Gidiyordu, yine anadan üryan soyunuyordu. Salı günü (26 Aralık) öğleyin başladı bu işkence, 26 Aralıkta tezgâha aldılar, cumartesi öğleye dek ne uyku, ne yiyecek, ne şu, ne bu... Yarım ekmeğin arasına zeytin koydular, bir peynir, bir zeytin, 12 saatte bir, ayakta sürekli bekliyordu. Şöyle anlatıyordu. LD öğretmen:
"Tepiniyorsunuz olduğunuz yerde. Biri geliyor, bağın altından şöyle bir baktım, pantolonuna baktım: Oturun, biraz dinlenin dedi. Tabii bu arada, ayakta dururken biri geliyor paat! Tekmeyle vuruyor saç kapıya. Biri geliyor, bir vuruyor: Duvara yaslanma! Garajda işaret parmağınla dokunacaksın duvara! Salı günü öğleden sonra başladı, cumartesi gününe kadar uyku yok, oturma yok. Adam diyor ki, 'Oturun biraz dinlenin' diyor. Oturuyoruz, içeri giriyor, çıkıyor, aynı adam bağırıyor: Kalkın ulan şerefsizler! Kim dedi size oturun diye?' "Öğretmen olduğunuzu biliyorlar mı?

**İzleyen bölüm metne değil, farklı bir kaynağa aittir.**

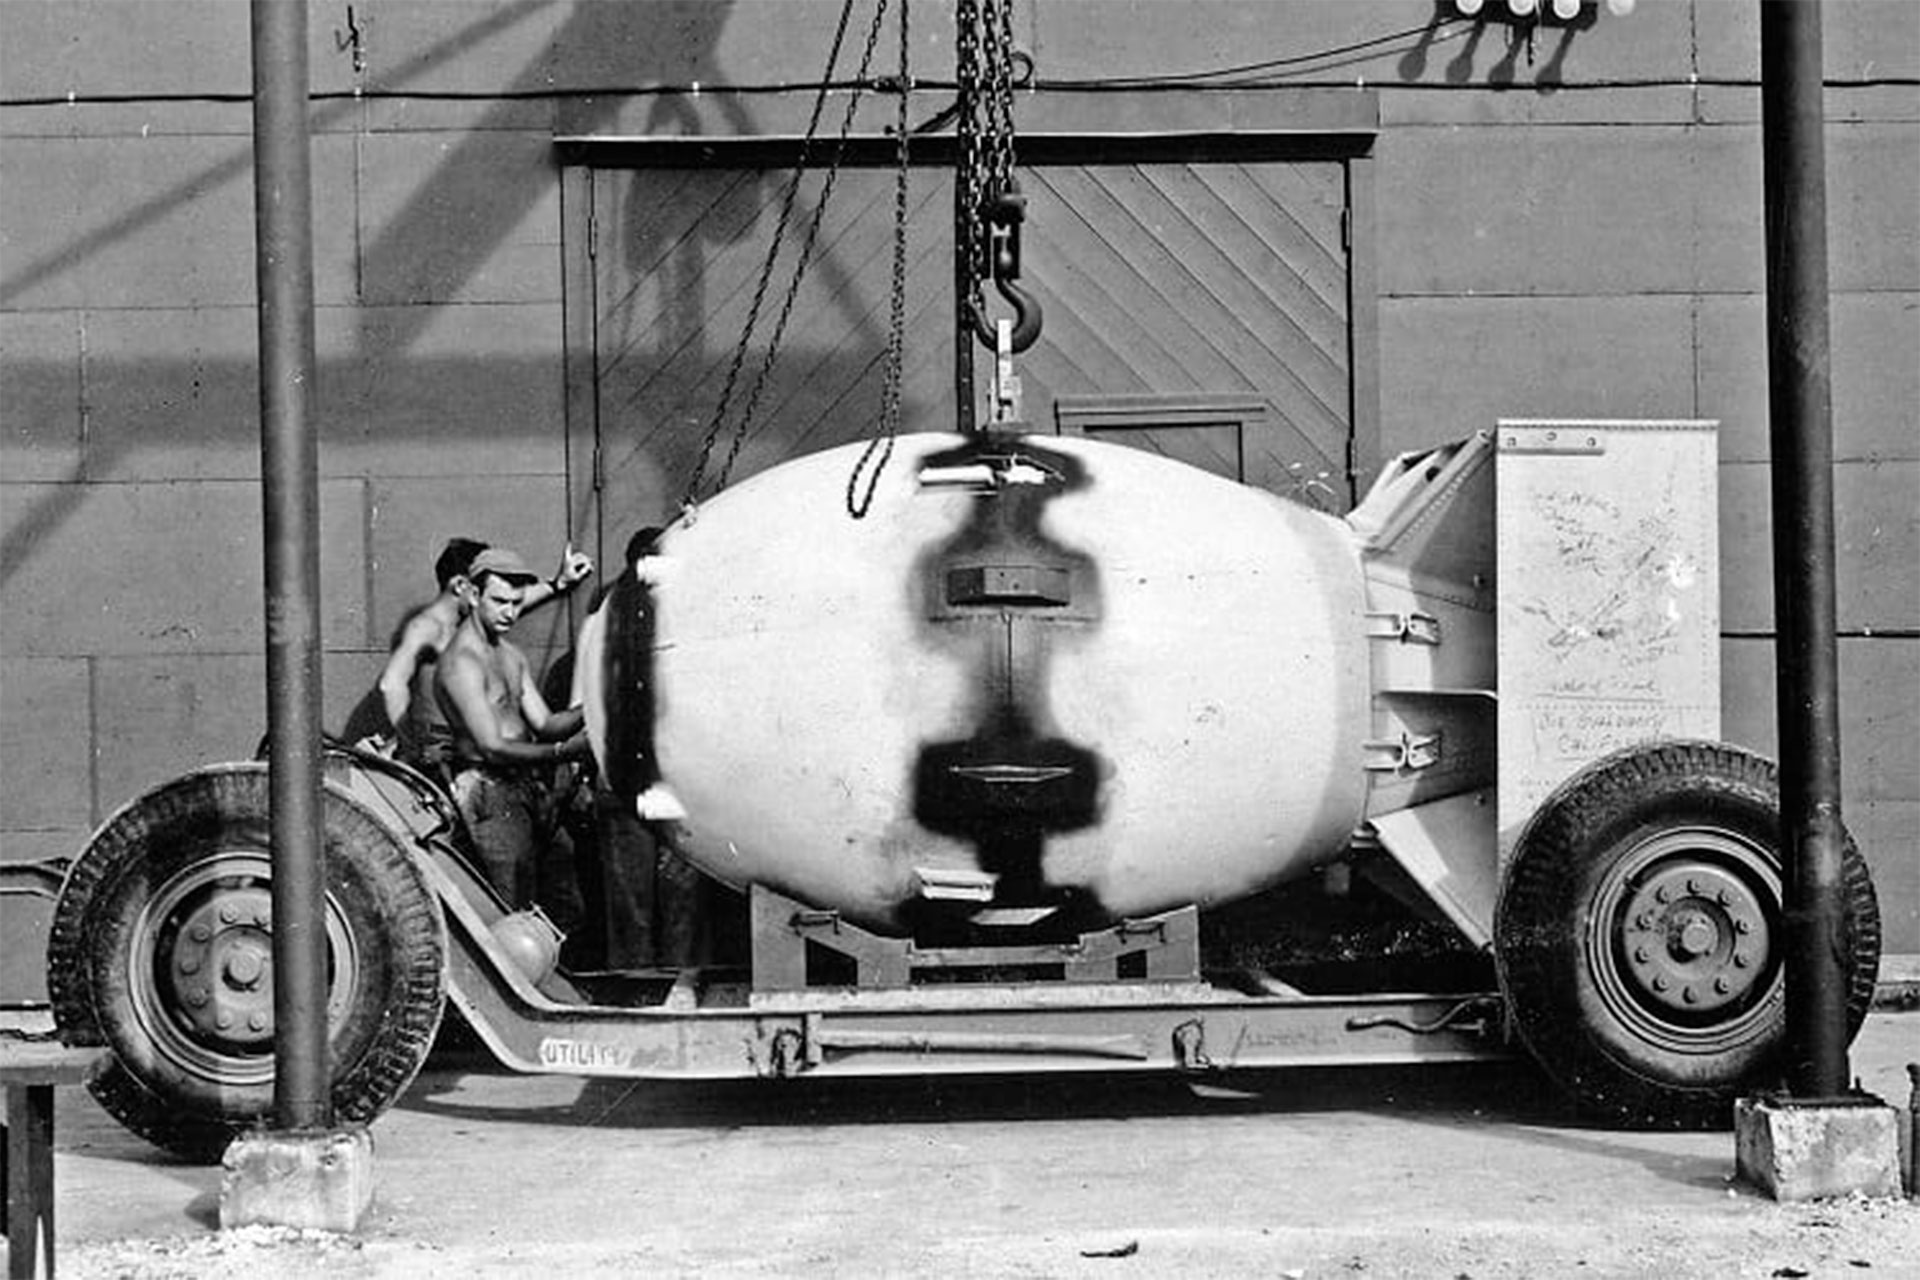 Bomba atómica "Fat Man", producida como parte del Proyecto Manhattan. US War Department

"Biliyorlar! örneğin geliyor, sesinden tanıdığınızı tahmin ettiğiniz polis, hocam, otur biraz dinlen diyor yavaşça. Aynı anda, bir anda dışarı çıkıyor, paat tekme vuruyor, ordan bir yere: Kalk ayağa! Sesini değiştiriyor, sanki başkasıymış gibi sana numara çekiyor ve hani, insanlığı aşağılamak dediğimiz olay var; insanı aşağılamak... Ve kendinin aşağılıklığını kabul ettirmek ve dolayısıyla da: 'Ben aşağı bir yaratığım. Onlar ne derlerse doğrudur; ben bunu hak ettim!' mantığını yerleştirmeye çalışıyorlar. Ben sürekli şunu dedim: İnsan onuru, hani Bertolt Brecht'in bir şiiri var: 'Ne güçlü bir tankın var generalim/ Ama sürmek için insan ister' diyor ya, hep o aklıma geldi biliyor musunuz? İnsan onuru işkenceye dayanıyor, dayanamayacak hiçbir şey yok!"
"Dayanıyor!"
"Dayanıyor, işkenceye dayanıyor. Dayanamadığın an bayılıyorsun!"

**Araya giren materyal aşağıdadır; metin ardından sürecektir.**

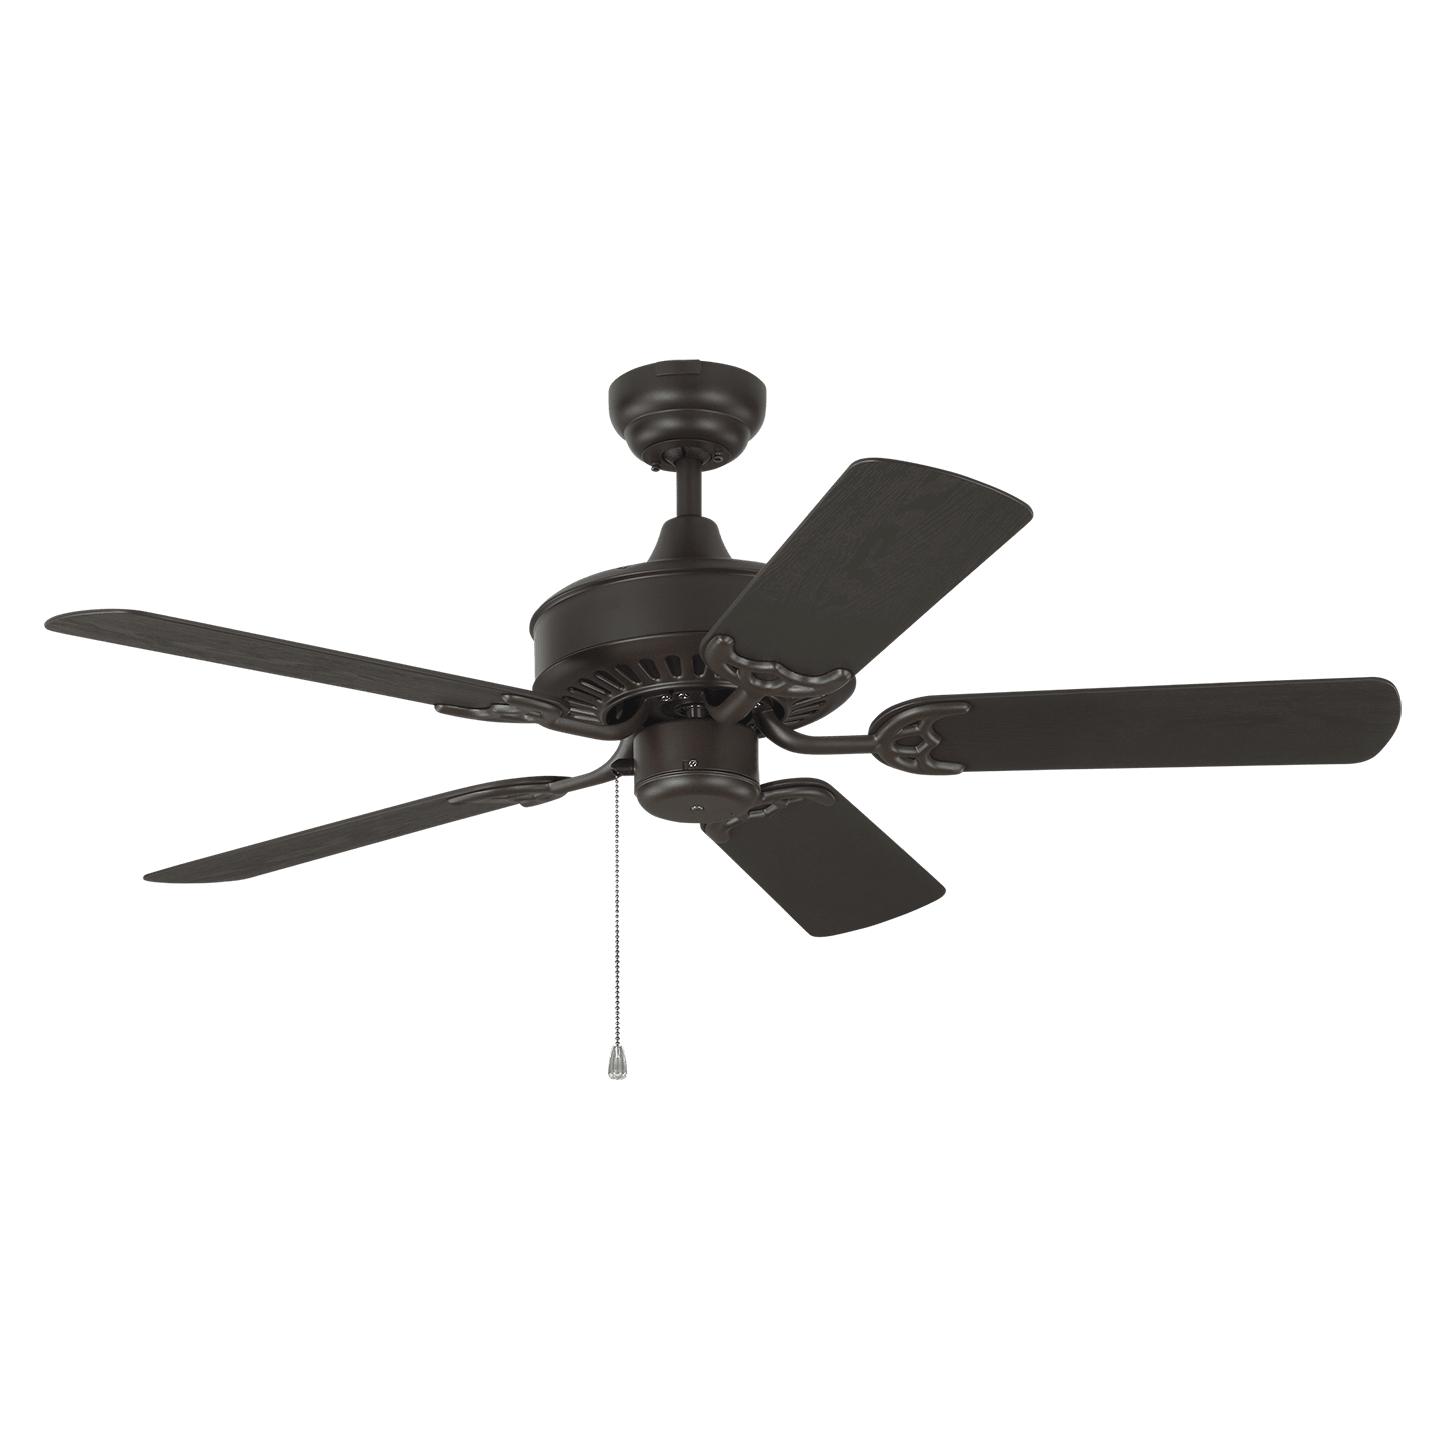 Купить Потолочный вентилятор Haven Outdoor 44" Ceiling Fan в интернет-магазине roooms.ru

"Ne soruyorlardı bu aralarda?"
"Sordukları şu: Sen bir örgütün yurtdışı sorumluluğunu üstlenmişsin; Türkiye’nin yurtdışında bağlantısını kuruyorsun! Ben diyorum ki: "Arkadaşlar, ben sabah sekizde dersaneye, akşam sekizde eve gidiyorum. Akşam evde test sorulan düşünüyorum, çocuklara onu hazırlıyorum. Bu kadar zamanı ben nereden bulayım da o işleri becereyim! Sonra yılda üç kez yurtdışına çıkmışım! Ben yurtdışına, bırakın yılda üç kez çıkmayı, hayatımda hiç çıkmadım diyorum. Fakat şu: Yoo, kabul ettik, biz her şeyi biliyoruz, senin yapacağın tek şey bizim yazacağımız ifadeleri kabul etmek! ifadem şu: ’örgütün merkez komitesinden!' diyorlar. Yurtdışı bağını kuruyorsun' diyorlar. Örneğin şey getiriyorlar bana. Suçladıklan örgüt, TDKP (Türkiye Devrimci Komünist Partisi)... örgüt adına, bir tek eyleme katıldığımı bana kanıtlayın diyorum, tek bir eyleme! 39 yıllık yaşamım, 21 yıllık öğretmenliğim var, hiç mi açık vermedim? Hiç mi hatam yok? Ben güçler üstü bir insan mıyım diyorum, bu kadar tedbirli bir insan olmaz! Bana diyorlar ki: 'Cumhurbaşkanları, milli eğitim müdürlerine muhatap olmaz!' Başbakan var, bakanlar var! Sen cumhurbaşkanısın oğlum! Sen akıllı bir adamsın TÖB-DER’in bir eyleminde gösterin! Mitinglerde, gösterilerde resim çekiyorsunuz; tüm TÖB-DER eylemlerinde1 Sen uyanıksın, TÖB-DER ' de de eyleme karışmazsın! Biz bilmiyor muyuz seni? Eyleme katılsanız suç, katılmasanız ayn bir suç. Ben burada öğrendim eyleme katılmamamın suç olduğunu! Eyleme katılmazsın, çünkü örgütün ileri gelenlerindensin diyorlar. Peki diyorum benim, 13 yaşında bir kızım var.."
"Adı ne?" (Ben soruyorum)
"Deniz. Kara bir kızım var böyle güzeler güzeli! Üç yıldır bakımını ben üstleniyorum. Sabah okula gidiyorum öğleden sonra çocuğuma bakıyorum. Atatürk Lisesinde öğretmendim sabah 8.00'de okula gidiyorum, 14.00'te okuldan çıkıyorum, akşam 18.00'e kadar hanım gelinceye kadar çocuğuma bakıyorum. Akşamüstleri, eş dost falan derken, ben bu kadar zamanı nereden bulmuşum? diye düşünüyorum kendi kendime. Yani bir öğretmen bu kadar hünerli olamaz! Ben neymişim meğersem diyorum. Sonra dediler ki: Madem merkez komitesinde değilsin, o zaman bölge komitesindesin! Arkadaş, bölge komitesi ne iş yapar? Hangi ilde görevliyim dedim."